It is a common occurrence for electricity bills to skyrocket during heat waves or cold snaps, as Australian residents use heaters and air conditioners to regulate the temperature in their houses.

Even on normal days, a significant amount of energy is expended on cooling or heating appliances. In Australia, it is estimated that up to 39% of the end energy usage in domestic buildings is for space heating and cooling.

In collaboration with Think Brick Australia, a research team from the University of Newcastle has spent over eight years studying the thermal performance of masonry housing, with a view to obtaining the optimal house design for thermal efficiency. That is, a home or building which provides a high level of thermal comfort without an over reliance on artificial heating or cooling.

The project, which is headed by Emeritus Professor Adrian Page, Dr. Dariusz Alterman and Professor Behdad Moghtaderi of the Priority Research Centre for Energy, records valuable data through the employment of a thermal ‘guarded hot box,’ and four thermal housing test modules, that are unique to Australasia.

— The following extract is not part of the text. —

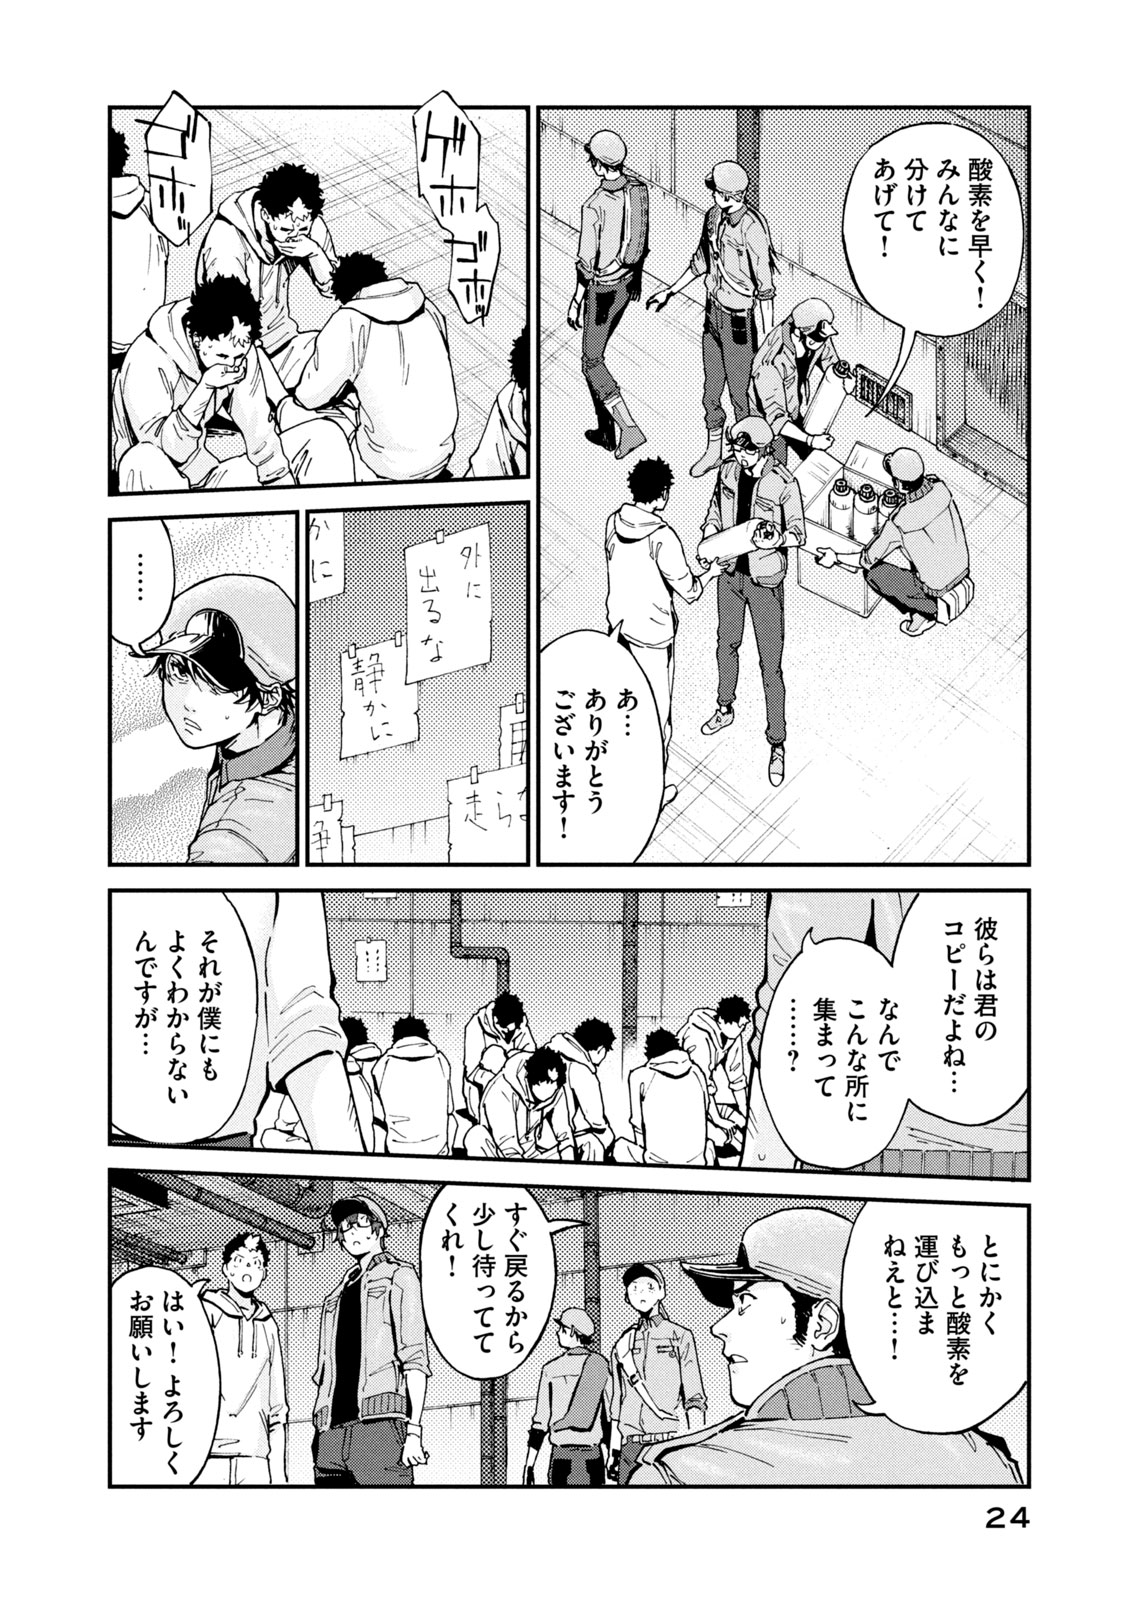 Hataraku Saibou BLACK - Chapter 37 - Page 26

Extensive theoretical studies are also being performed in parallel with this experimental program.

The thermal ‘guarded hot box’ is used to determine the surface-to-surface thermal resistance, or R-value, of various wall systems or composites, in accordance international testing standards.

“It can also be used to evaluate the wall behaviour in cyclic tests, simulating real weather conditions, which is an important factor in the passive solar design of houses,” said Dr Alterman.

The thermal housing test modules are being used to observe the response of various walling systems in a realistic setting. Measurements are being made of heat flows through the walls, as well as the exterior and interior climatic conditions. The measurements are part of the study of the buildings’ response to factors such as the type of materials and walling system used, their location within the structure, and in particular, the influence of thermal mass. To monitor this behaviour, each module has 105 sensors that record statistics every five minutes, 24 hours a day, seven days a week.

“You can imagine the amount of data we have accumulated over eight years,” says Professor Page. “Architects have known about these thermal property factors for years, but this is the first time that it has been quantitatively measured in a systematic fashion.”

“Our findings have already had a significant impact on the building industry- it has lead to changes being made to the Building Code of Australia, which now more fully takes into account the effects of thermal mass.”

Altogether, Professor Page estimates that $2 million has been spent on the research, including the contributions of three Australian Research Council (ARC) linkage grants, as well as financial support from the brick industry and substantial in-kind support from the School of Engineering.

The analytical strand of the investigation has also lead to the development of the software modelling package NUMBERS (Newcastle University Modelling Building Energy Rating Software), which is able to reproduce the thermal behaviour of buildings in a realistic fashion. This is a valuable research tool which also has significant commercialisation potential.